'Convert query to KQL
I have an application that contains an object. It has 2 guid values, guid1 and guid2. At any given time only 1 is populated. Firstly guid1 and at a later point in time guid2. State changes are recorded in a table below. I'd like to group the records so that all guids for an object are grouped together.
So this table ...
timestamp guid1 guid2 text
2022-05-06T10:00:31.5767324Z | cb73c58e-e36b-4fe3-8663-33027ba2afc7 | null | abc1
2022-05-06T10:00:31.5767324Z | ec5d1b9395444a06a36130a9d62ae2c5 | null | abc2
2022-05-06T10:01:31.5767324Z | cb73c58e-e36b-4fe3-8663-33027ba2afc7 | b7ef78cde158437fb65a6878ca908751| def1
2022-05-06T10:01:31.5767324Z | ec5d1b9395444a06a36130a9d62ae2c5 | 206eb977459c4f91bafb9b798f5d60c4| def2
2022-05-06T10:02:31.5767324Z | null | b7ef78cde158437fb65a6878ca908751| ghi1
2022-05-06T10:02:31.5767324Z | null | 206eb977459c4f91bafb9b798f5d60c4| ghi2
... becomes this set of query results
timestamp guid1 guid2 text
2022-05-06T10:00:31.5767324Z | cb73c58e-e36b-4fe3-8663-33027ba2afc7 | null | abc1
2022-05-06T10:01:31.5767324Z | cb73c58e-e36b-4fe3-8663-33027ba2afc7 | b7ef78cde158437fb65a6878ca908751| def1
2022-05-06T10:02:31.5767324Z | null | b7ef78cde158437fb65a6878ca908751| ghi1
2022-05-06T10:00:31.5767324Z | ec5d1b9395444a06a36130a9d62ae2c5 | null | abc2
2022-05-06T10:01:31.5767324Z | ec5d1b9395444a06a36130a9d62ae2c5 | 206eb977459c4f91bafb9b798f5d60c4| def2
2022-05-06T10:02:31.5767324Z | null | 206eb977459c4f91bafb9b798f5d60c4| ghi2
From the desired output above, just taking the first 3 records for example, they are now grouped to show the full state change history. First record shows guid1 had a value of cb73c58e-e36b-4fe3-8663-33027ba2afc7, then a record to show guid2 activation and then finally guid1 is null and only guid2 exists. The same correct grouping can be seen in the last 3 records for guid1 ec5d1b9395444a06a36130a9d62ae2c5
I was having difficulty attempting this in sql never mind kql, I asked the question on a seperate sql thread and the suggested solution was below which I was having difficulty converting to kql.
select *
from t
order by Row_Number() over(partition by [timestamp] order by [timestamp]),
guid1 desc, guid2;
row_number and partition by are supported but I've not seen reference to over so I'm unsure how to achieve this.

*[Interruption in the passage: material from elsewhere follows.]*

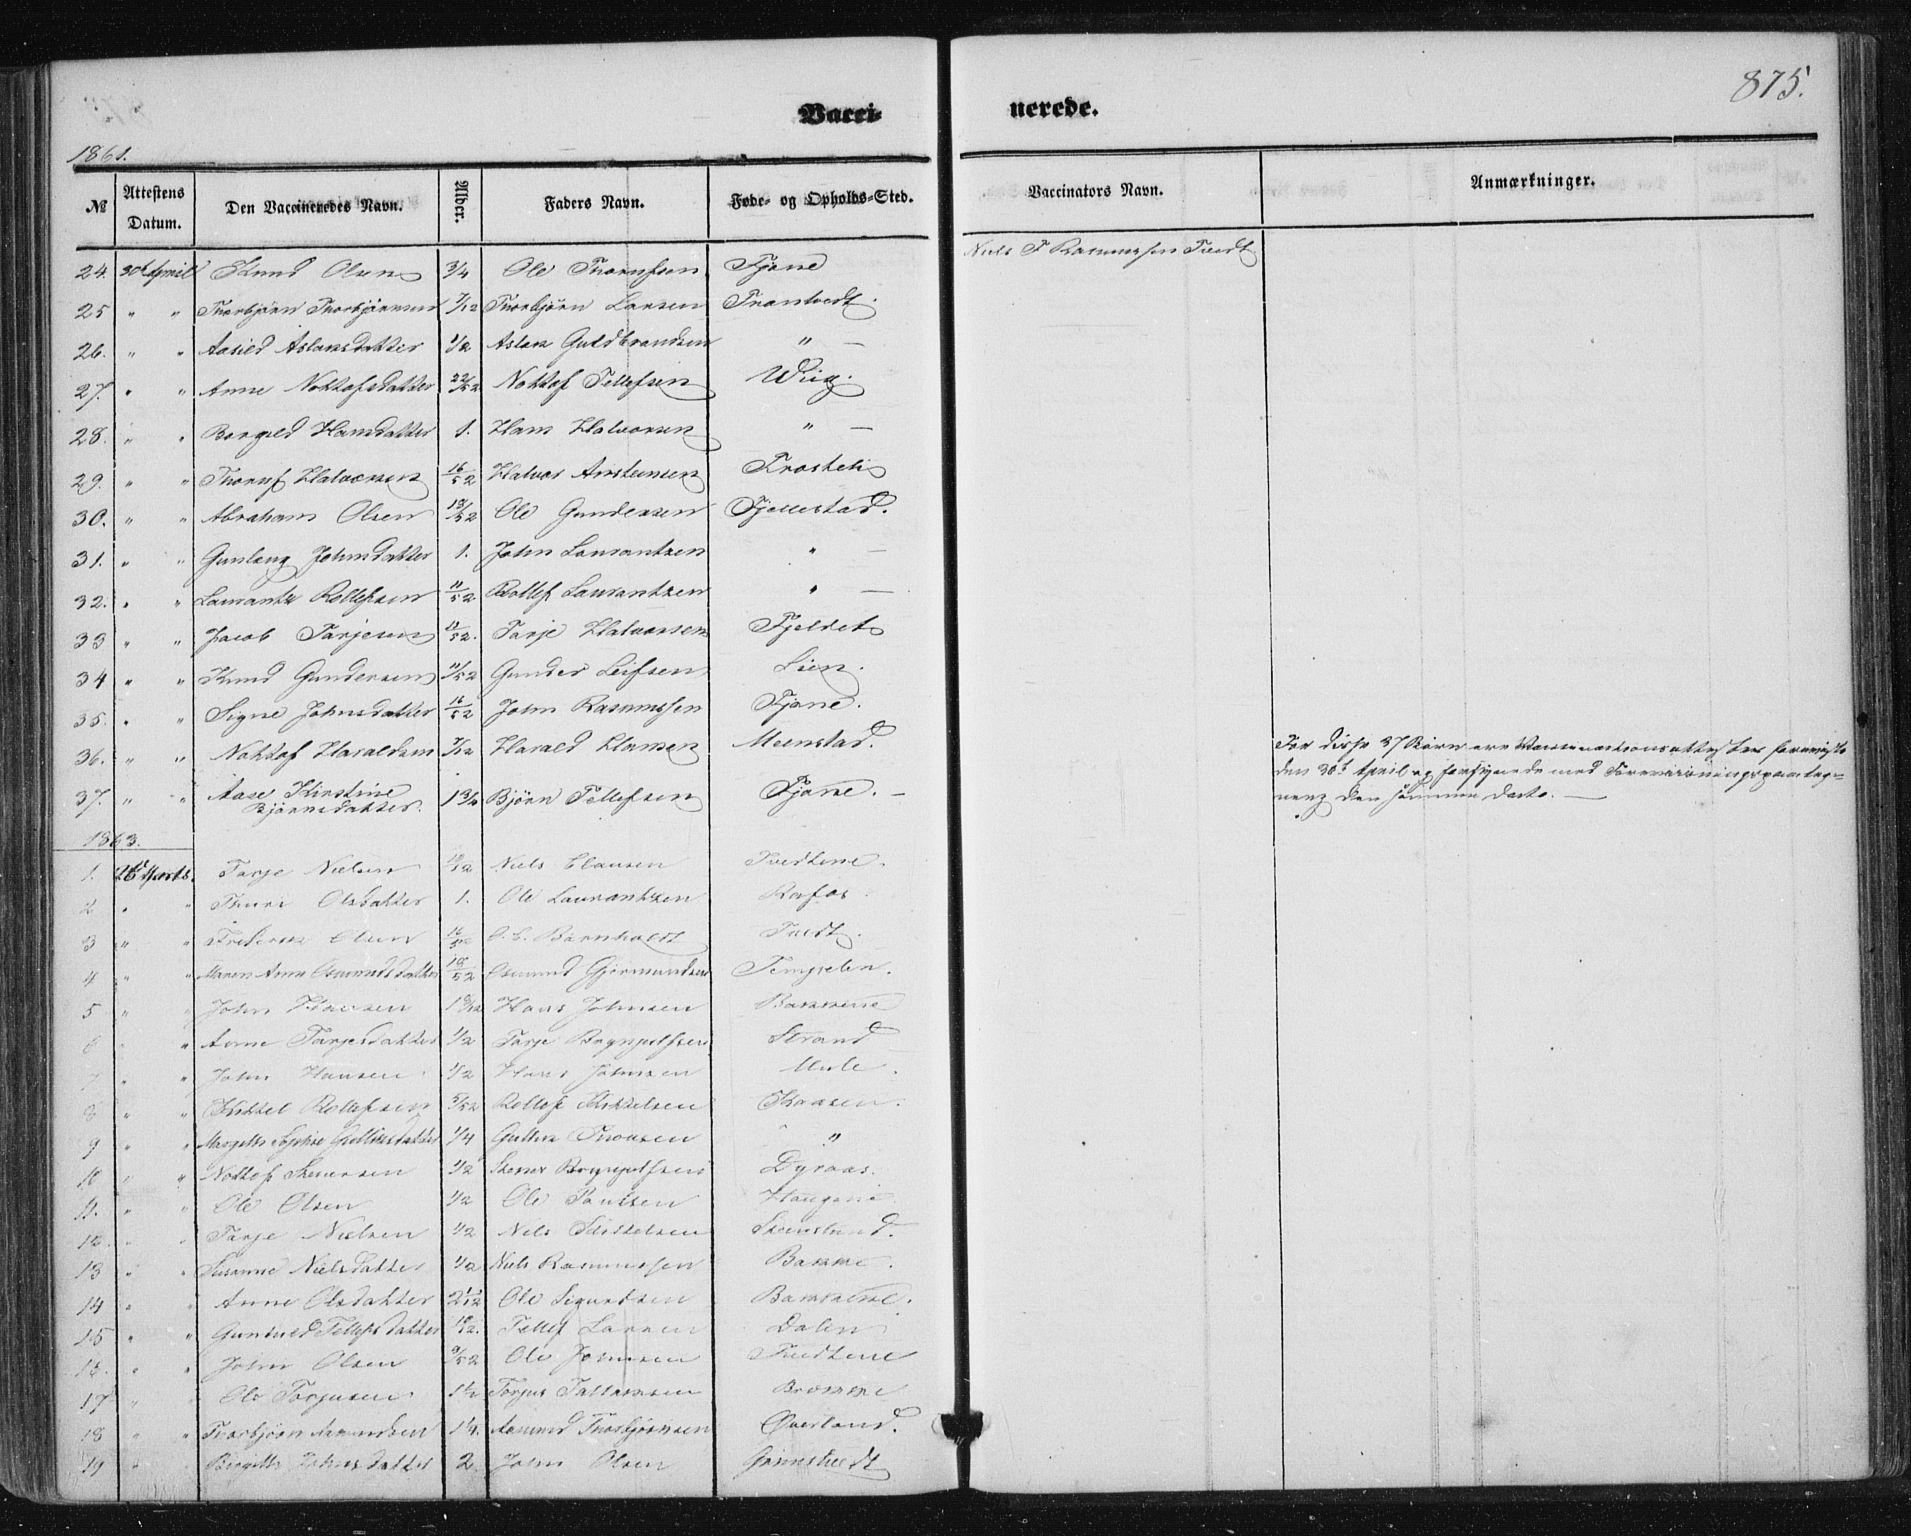 SAKO, Nissedal kirkebøker, F/Fa/L0003: Ministerialbok nr. I 3, 1846-1870, s. 874-875

Perhaps there is a more kql friendly way of achieving this?
[COMMENTED SOLUTION]
let t = datatable(timestamp:datetime,guid1:string,guid2:string,text:string)
[
'2022-05-06T10:00:31.5767324Z' ,'cb73c58e-e36b-4fe3-8663-33027ba2afc7' ,'' ,'abc1'
,'2022-05-06T10:00:31.5767324Z' ,'ec5d1b9395444a06a36130a9d62ae2c5' ,'' ,'abc2'
,'2022-05-06T10:01:31.5767324Z' ,'cb73c58e-e36b-4fe3-8663-33027ba2afc7' ,'b7ef78cde158437fb65a6878ca908751' ,'def1'
,'2022-05-06T10:01:31.5767324Z' ,'ec5d1b9395444a06a36130a9d62ae2c5' ,'206eb977459c4f91bafb9b798f5d60c4' ,'def2'
,'2022-05-06T10:02:31.5767324Z' ,'' ,'b7ef78cde158437fb65a6878ca908751' ,'ghi1'
,'2022-05-06T10:02:31.5767324Z' ,'' ,'206eb977459c4f91bafb9b798f5d60c4' ,'ghi2'
,'2022-05-06T10:03:31.5767324Z' ,'fee3d3522a3942a69802774f8a5128ff' ,'' ,'xxx1'
,'2022-05-06T10:04:31.5767324Z' ,'48b04d074cd141dba6eb9a354d26be0a' ,'' ,'yyy1'
,'2022-05-06T10:04:31.5767324Z' ,'48b04d074cd141dba6eb9a354d26be0a' ,'0d2ac92589634b27a171be005375b1b5' ,'yyy2'
];
t
| where isnotempty(guid1)
// select records where guid1 is not empty
| summarize take_any(guid2) by guid1
// of that recordset, reduce to 2 columns of interest and select records where the accompanying guid2 is not empty. That's default take_any behaviour
| serialize
// serialize the recordset to enable the use of window functions later in query
| extend gid = row_number()
// mark this recordset with a parent guid row identifier
| mv-expand g = pack_array(guid1, guid2) to typeof(string)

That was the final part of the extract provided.